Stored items
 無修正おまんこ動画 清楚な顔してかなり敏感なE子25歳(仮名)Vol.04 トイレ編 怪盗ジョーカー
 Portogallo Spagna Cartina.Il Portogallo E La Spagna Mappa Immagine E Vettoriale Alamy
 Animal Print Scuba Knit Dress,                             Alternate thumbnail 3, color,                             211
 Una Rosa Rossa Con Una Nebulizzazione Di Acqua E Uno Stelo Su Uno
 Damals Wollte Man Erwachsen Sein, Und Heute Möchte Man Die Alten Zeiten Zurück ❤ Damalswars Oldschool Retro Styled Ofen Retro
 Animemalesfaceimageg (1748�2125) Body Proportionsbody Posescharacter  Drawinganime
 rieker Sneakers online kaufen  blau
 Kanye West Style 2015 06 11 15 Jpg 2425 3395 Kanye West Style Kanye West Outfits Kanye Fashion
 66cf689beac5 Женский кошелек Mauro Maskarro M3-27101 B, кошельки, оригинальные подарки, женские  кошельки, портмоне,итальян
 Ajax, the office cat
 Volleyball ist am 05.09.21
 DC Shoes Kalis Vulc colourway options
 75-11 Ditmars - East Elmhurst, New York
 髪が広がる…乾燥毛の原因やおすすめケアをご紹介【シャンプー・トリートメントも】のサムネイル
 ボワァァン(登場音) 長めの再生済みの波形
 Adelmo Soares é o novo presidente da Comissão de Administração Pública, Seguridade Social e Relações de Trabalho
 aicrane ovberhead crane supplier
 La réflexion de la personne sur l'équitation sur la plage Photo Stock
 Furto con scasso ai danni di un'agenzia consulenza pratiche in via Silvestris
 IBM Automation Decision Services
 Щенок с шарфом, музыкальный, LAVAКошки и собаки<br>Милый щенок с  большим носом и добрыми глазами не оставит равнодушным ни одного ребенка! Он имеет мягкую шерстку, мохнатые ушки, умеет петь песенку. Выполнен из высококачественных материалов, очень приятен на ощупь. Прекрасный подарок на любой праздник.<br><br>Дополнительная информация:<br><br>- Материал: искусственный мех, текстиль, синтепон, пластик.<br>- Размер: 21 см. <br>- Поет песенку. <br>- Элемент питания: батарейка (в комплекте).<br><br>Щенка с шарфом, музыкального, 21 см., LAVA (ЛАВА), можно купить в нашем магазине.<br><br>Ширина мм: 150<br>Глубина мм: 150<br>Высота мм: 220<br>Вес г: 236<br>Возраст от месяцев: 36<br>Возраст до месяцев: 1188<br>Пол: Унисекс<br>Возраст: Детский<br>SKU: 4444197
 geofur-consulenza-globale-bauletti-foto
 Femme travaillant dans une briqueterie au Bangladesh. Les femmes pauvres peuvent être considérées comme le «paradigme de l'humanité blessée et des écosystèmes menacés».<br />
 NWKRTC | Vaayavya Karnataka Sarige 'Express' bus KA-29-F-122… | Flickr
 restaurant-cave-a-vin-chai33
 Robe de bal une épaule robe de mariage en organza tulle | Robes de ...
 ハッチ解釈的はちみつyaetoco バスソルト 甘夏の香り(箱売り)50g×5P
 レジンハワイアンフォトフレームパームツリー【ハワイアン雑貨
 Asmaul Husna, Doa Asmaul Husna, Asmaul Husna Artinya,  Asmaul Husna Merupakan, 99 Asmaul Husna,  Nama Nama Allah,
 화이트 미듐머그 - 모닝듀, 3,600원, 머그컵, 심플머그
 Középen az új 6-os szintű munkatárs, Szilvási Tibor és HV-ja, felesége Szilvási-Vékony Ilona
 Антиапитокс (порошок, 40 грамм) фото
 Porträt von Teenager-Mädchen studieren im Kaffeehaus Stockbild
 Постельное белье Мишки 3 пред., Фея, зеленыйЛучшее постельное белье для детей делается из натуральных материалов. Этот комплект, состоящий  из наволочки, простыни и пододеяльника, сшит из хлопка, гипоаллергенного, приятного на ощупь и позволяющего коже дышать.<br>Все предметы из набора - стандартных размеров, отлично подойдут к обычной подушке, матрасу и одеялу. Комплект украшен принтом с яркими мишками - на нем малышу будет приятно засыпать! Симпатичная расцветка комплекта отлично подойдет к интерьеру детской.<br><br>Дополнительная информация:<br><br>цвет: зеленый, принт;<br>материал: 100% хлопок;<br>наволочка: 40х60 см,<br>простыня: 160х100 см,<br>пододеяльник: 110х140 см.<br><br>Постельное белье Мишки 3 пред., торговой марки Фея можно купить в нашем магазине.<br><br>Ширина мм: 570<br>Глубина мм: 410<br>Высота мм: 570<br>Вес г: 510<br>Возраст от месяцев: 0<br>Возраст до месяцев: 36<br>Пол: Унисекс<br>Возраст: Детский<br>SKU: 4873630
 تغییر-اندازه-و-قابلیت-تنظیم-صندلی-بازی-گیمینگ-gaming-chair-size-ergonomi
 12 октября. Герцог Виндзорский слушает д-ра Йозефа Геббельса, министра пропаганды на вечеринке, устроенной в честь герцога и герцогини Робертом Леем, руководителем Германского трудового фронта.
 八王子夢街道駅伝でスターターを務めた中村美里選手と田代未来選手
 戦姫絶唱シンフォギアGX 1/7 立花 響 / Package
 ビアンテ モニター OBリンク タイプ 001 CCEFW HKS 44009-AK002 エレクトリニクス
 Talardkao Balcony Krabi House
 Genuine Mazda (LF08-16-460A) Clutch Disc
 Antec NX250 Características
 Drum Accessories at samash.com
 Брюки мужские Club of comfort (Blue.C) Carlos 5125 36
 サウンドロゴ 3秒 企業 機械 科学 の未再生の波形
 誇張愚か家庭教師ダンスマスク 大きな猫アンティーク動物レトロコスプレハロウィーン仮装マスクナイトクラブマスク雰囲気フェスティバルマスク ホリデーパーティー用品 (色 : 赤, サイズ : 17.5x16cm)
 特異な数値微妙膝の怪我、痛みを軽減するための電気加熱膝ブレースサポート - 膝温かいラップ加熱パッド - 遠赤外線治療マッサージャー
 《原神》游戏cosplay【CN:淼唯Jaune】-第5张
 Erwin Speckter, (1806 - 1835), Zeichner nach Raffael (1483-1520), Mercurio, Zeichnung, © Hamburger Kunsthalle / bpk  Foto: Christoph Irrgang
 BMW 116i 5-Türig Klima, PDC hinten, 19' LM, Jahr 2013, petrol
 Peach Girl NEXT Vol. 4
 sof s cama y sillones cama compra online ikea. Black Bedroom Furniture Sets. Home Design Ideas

## Exercise goal
Please find, in the entries above, every line where "consulenza" occurs, and copy it.

## Response below
 Furto con scasso ai danni di un'agenzia consulenza pratiche in via Silvestris
 geofur-consulenza-globale-bauletti-foto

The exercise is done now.